# What you will do:
Please set down only the lines below starting with the line with "Plano detalle que" and going on through the line with "สาวๆ นักวิ่งต้องทราบ การสร้างกล้ามเนื้อมีความสำคัญกับการวิ่ง", verbatim and without pictures.

++++ Provided records ++++

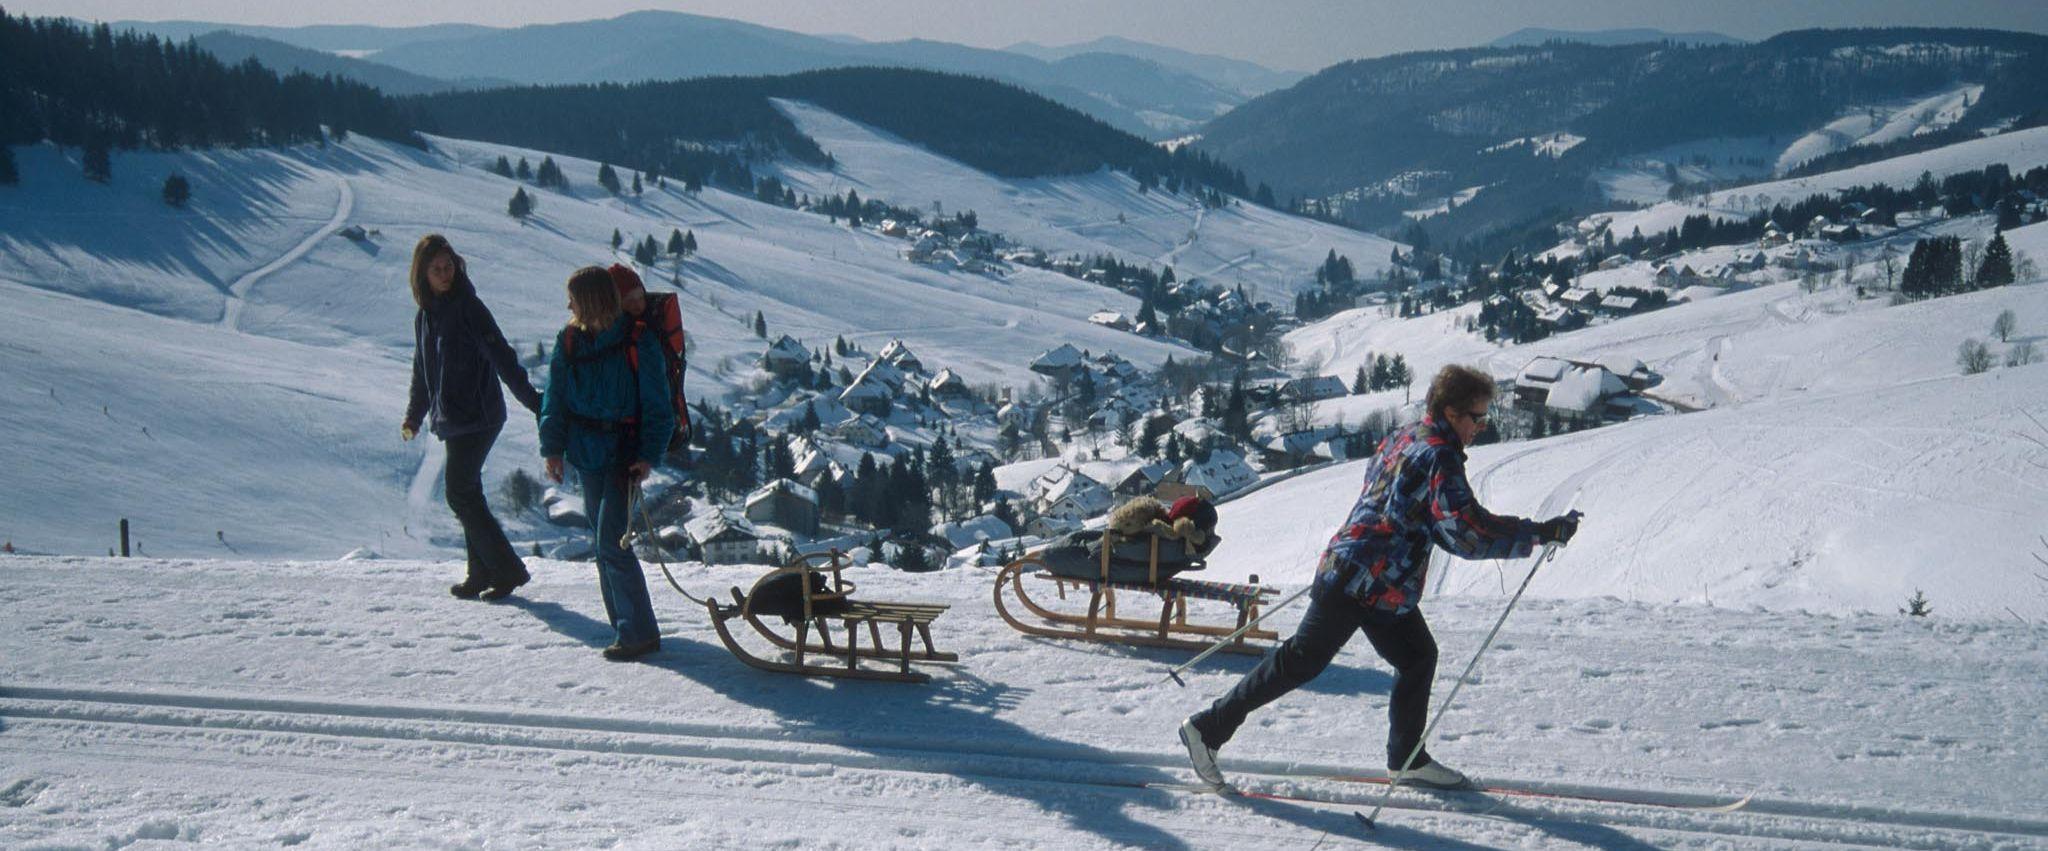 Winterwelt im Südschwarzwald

++++
++++ Provided records ++++

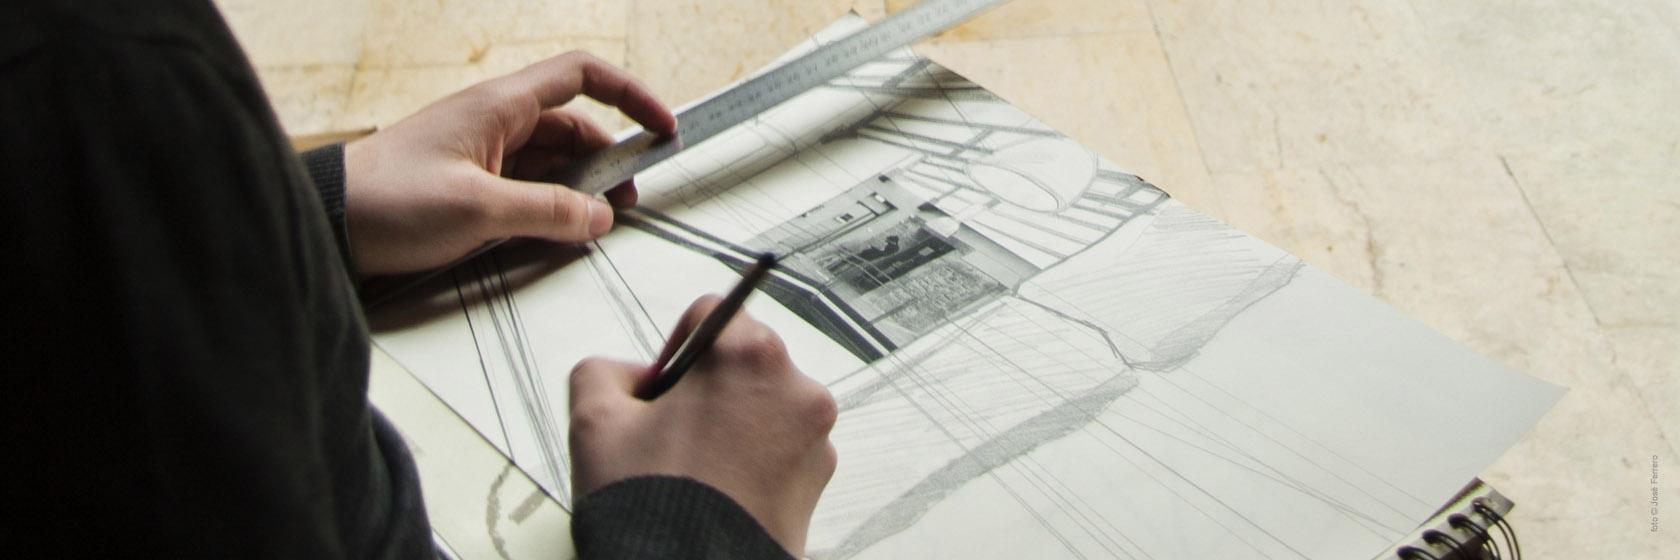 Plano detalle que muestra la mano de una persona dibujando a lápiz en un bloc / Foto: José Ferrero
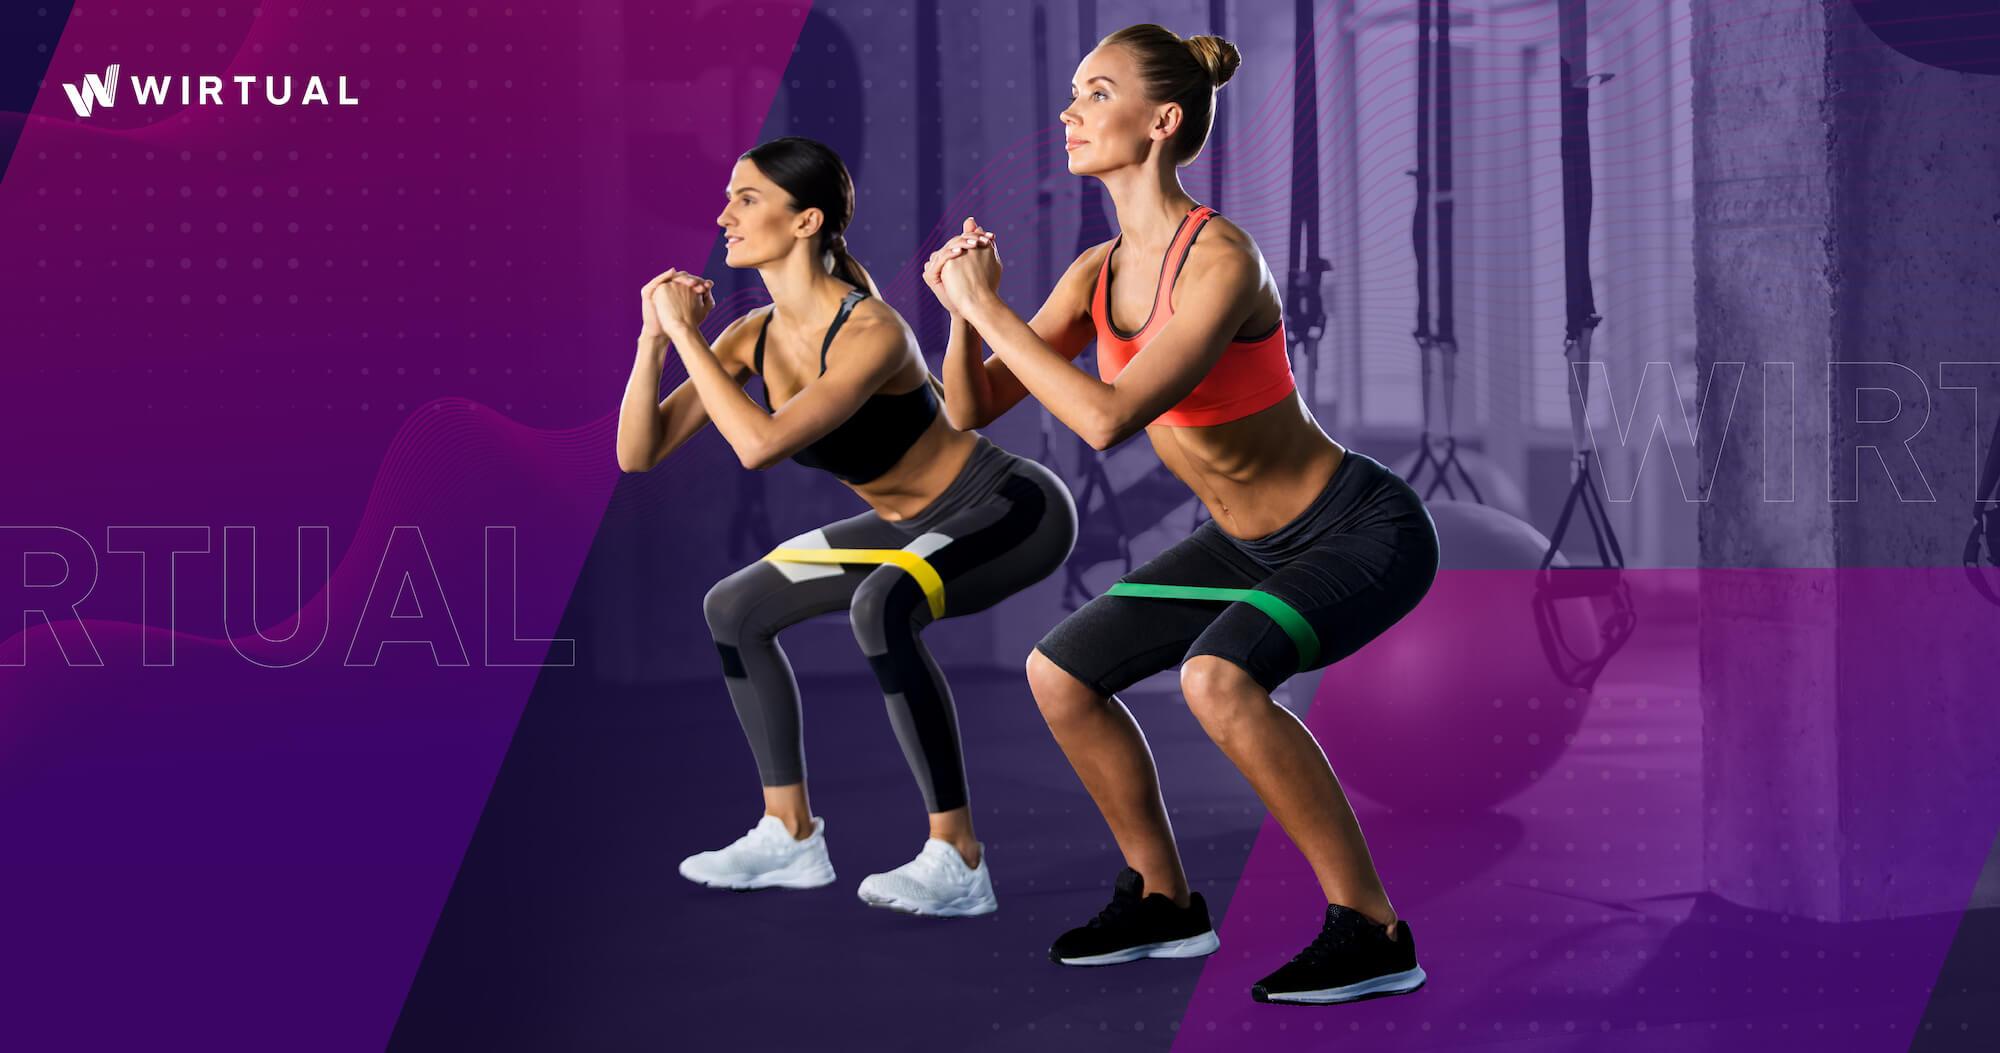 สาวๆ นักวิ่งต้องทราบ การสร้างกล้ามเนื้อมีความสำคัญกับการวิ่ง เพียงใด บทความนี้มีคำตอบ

++++

# Answer section:
 Plano detalle que muestra la mano de una persona dibujando a lápiz en un bloc / Foto: José Ferrero
 สาวๆ นักวิ่งต้องทราบ การสร้างกล้ามเนื้อมีความสำคัญกับการวิ่ง เพียงใด บทความนี้มีคำตอบ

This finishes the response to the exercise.